(Directions for this task)
Omit the images, then repeat the listing exactly.

(Provided material)
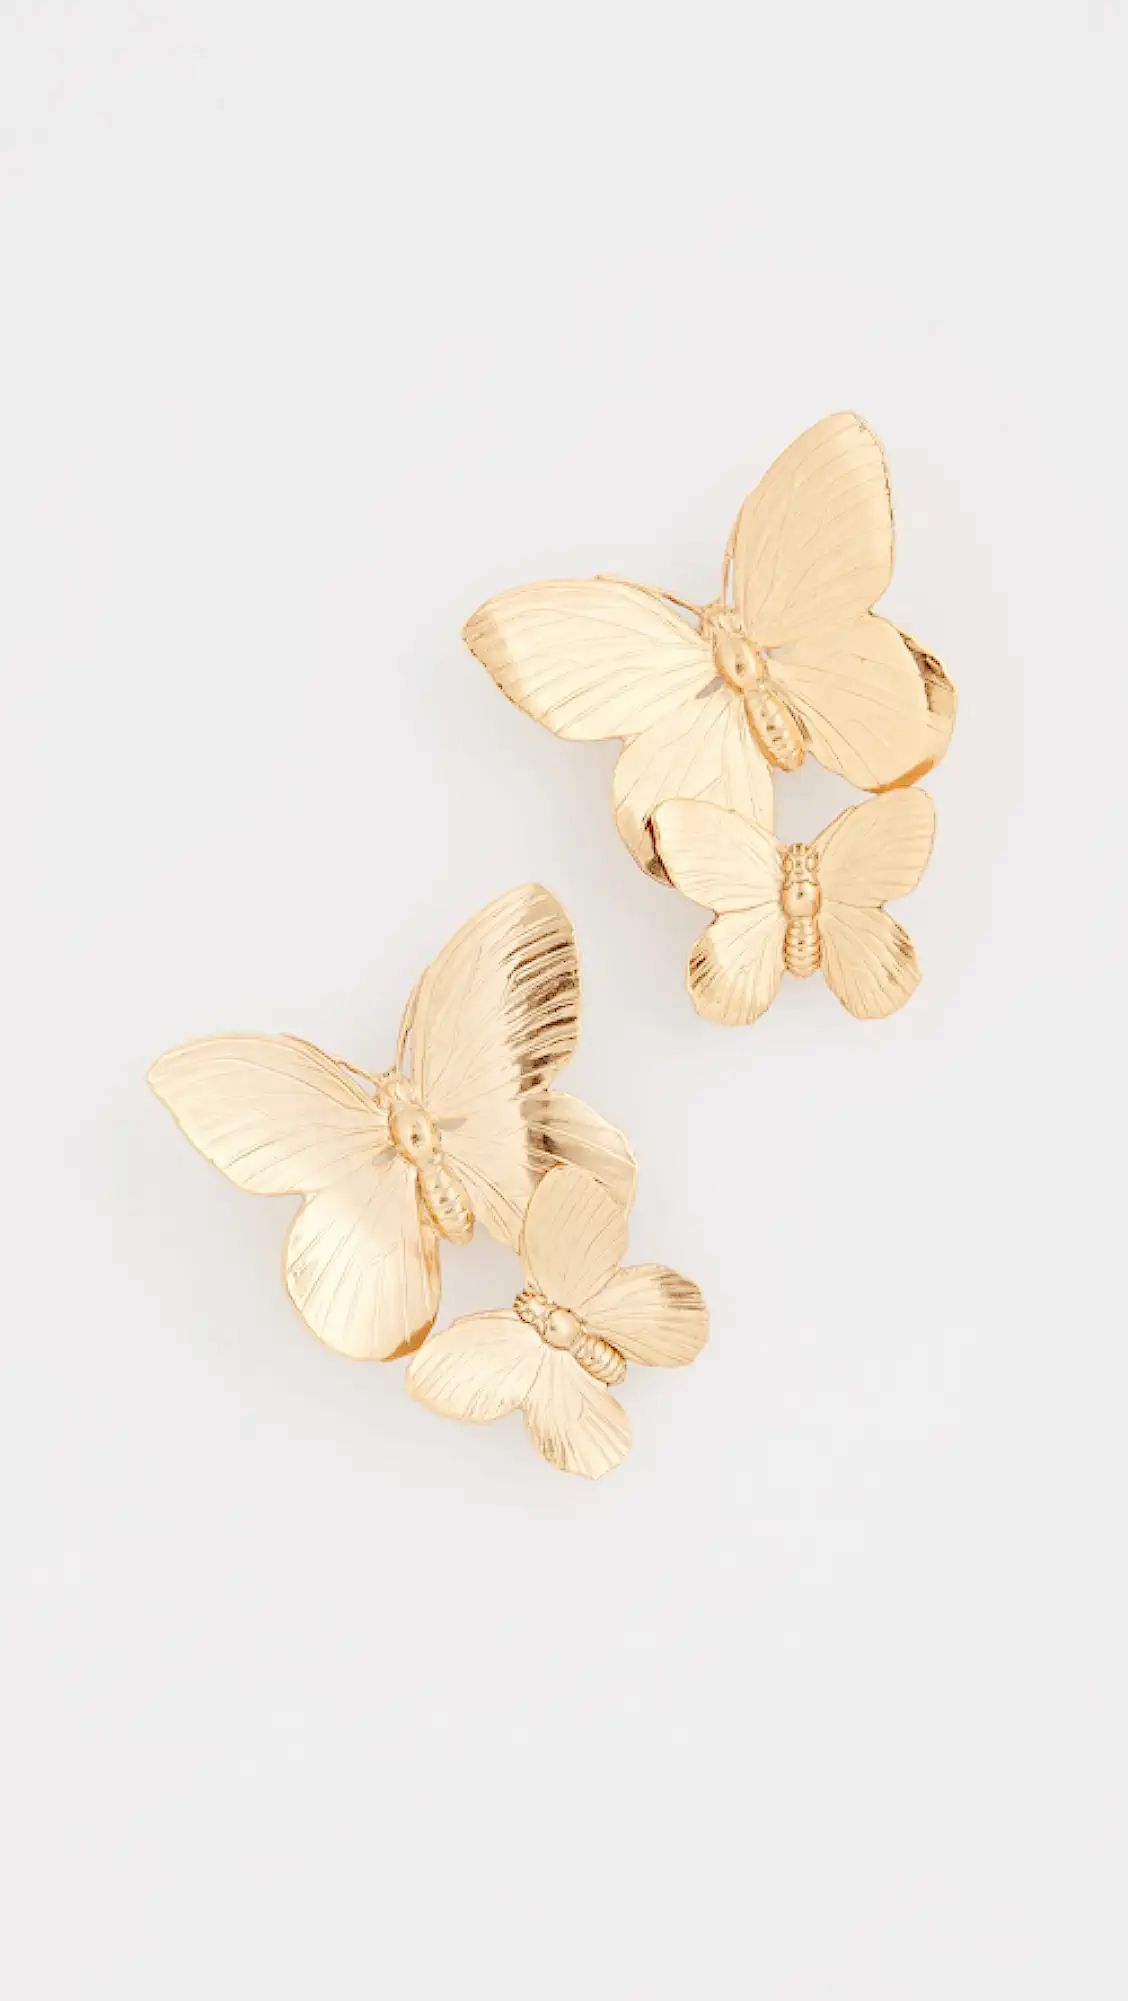 Papillon Earrings | Shopbop
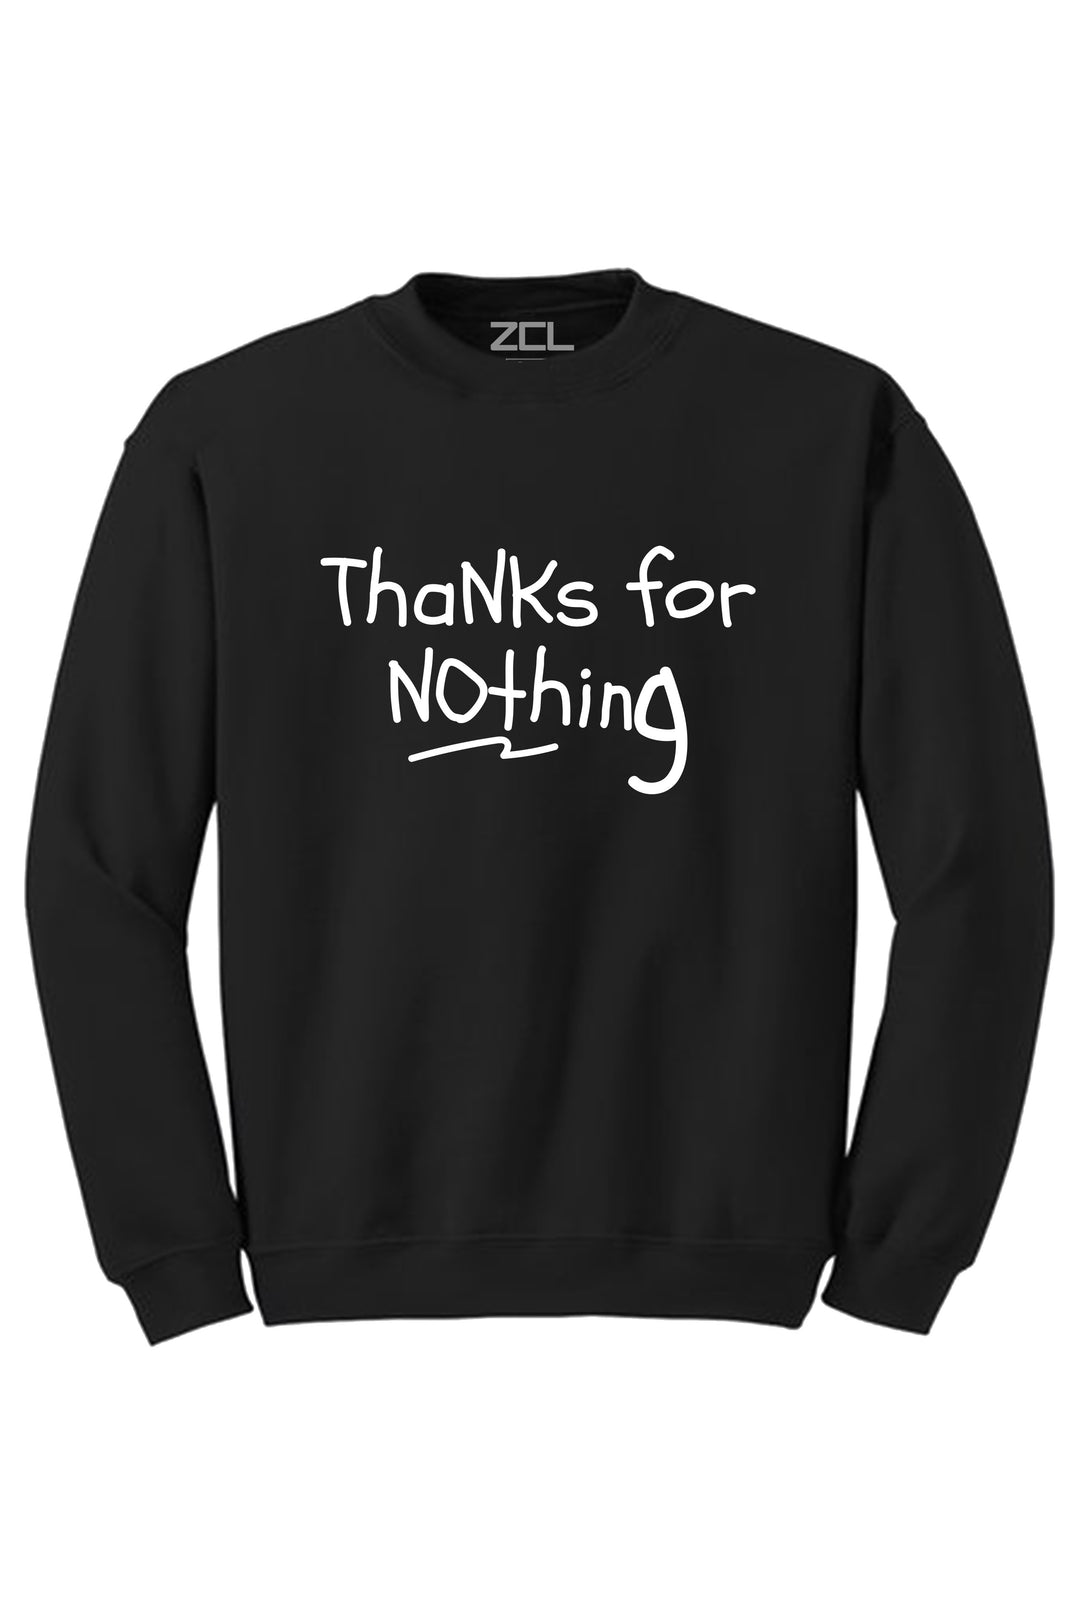 Thanks For Nothing Crewneck Sweatshirt (White Logo) - Zamage
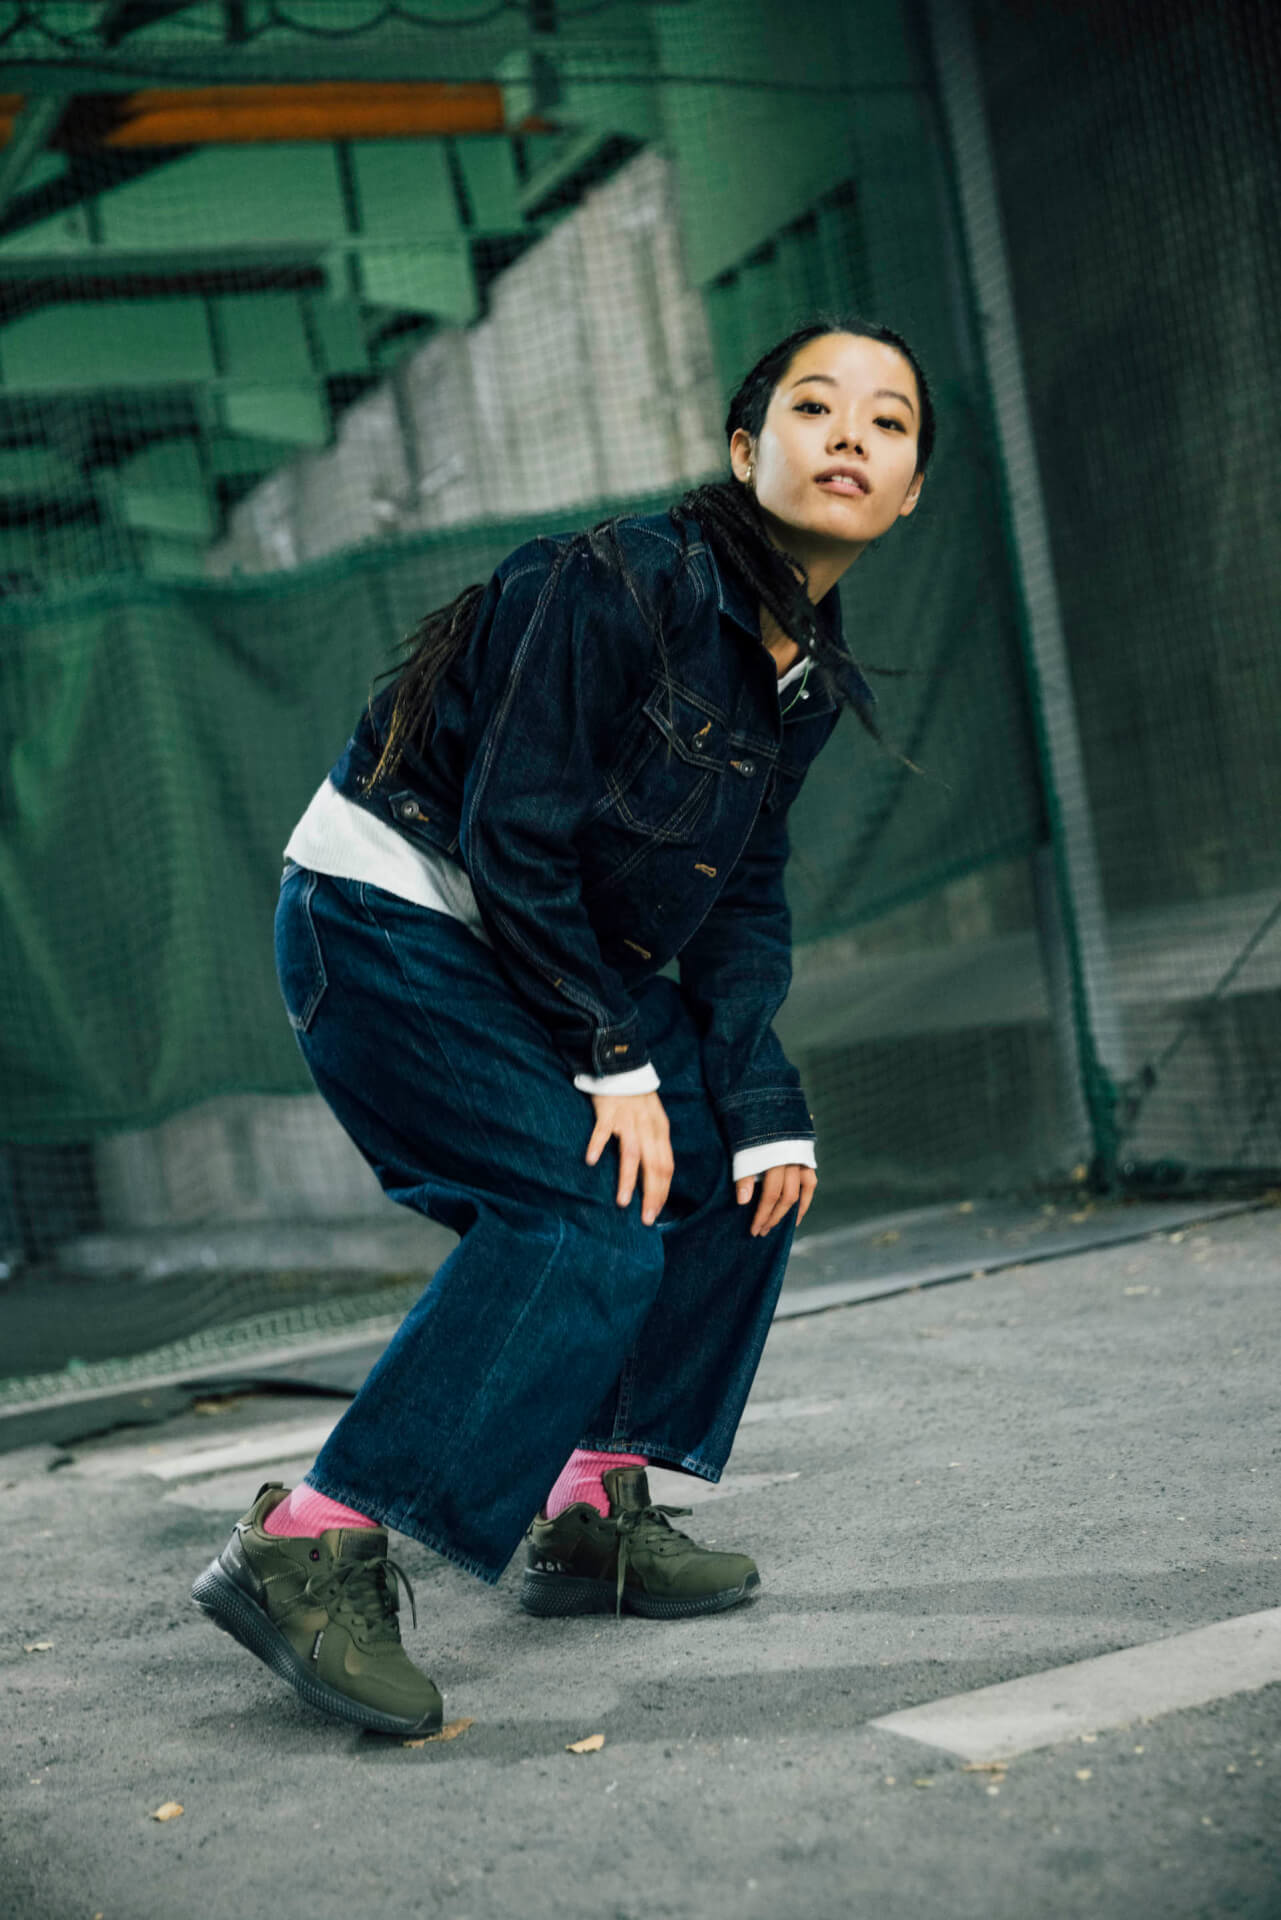 xiangyu × PALLADIUM｜エコなスニーカーから考える“サスティナブル”とファッションの関係性 fashion201221_palladium-027
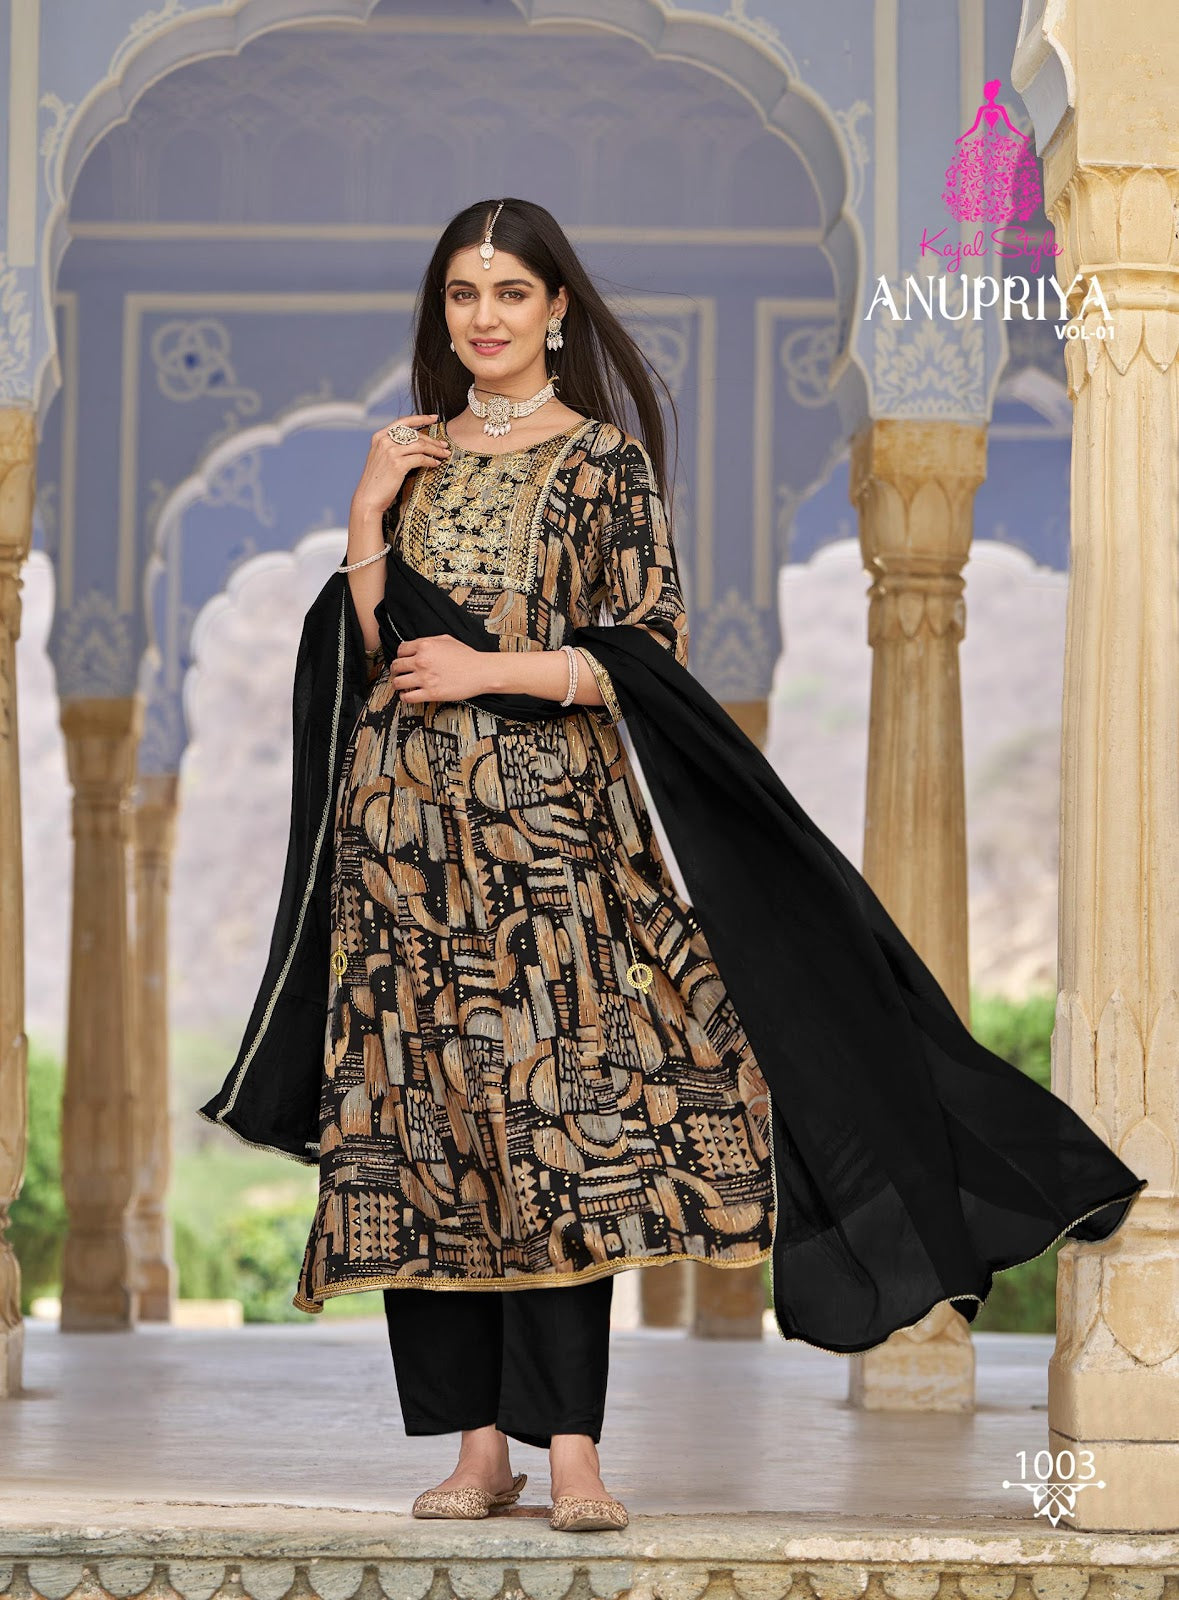 Anupriya Vol 1 Kajal Style Heavy Rayon Pant Style Suits Wholesaler

(Solution)
 Papillon Earrings | Shopbop
 Thanks For Nothing Crewneck Sweatshirt (White Logo) - Zamage
 xiangyu × PALLADIUM｜エコなスニーカーから考える“サスティナブル”とファッションの関係性 fashion201221_palladium-027
 Anupriya Vol 1 Kajal Style Heavy Rayon Pant Style Suits Wholesaler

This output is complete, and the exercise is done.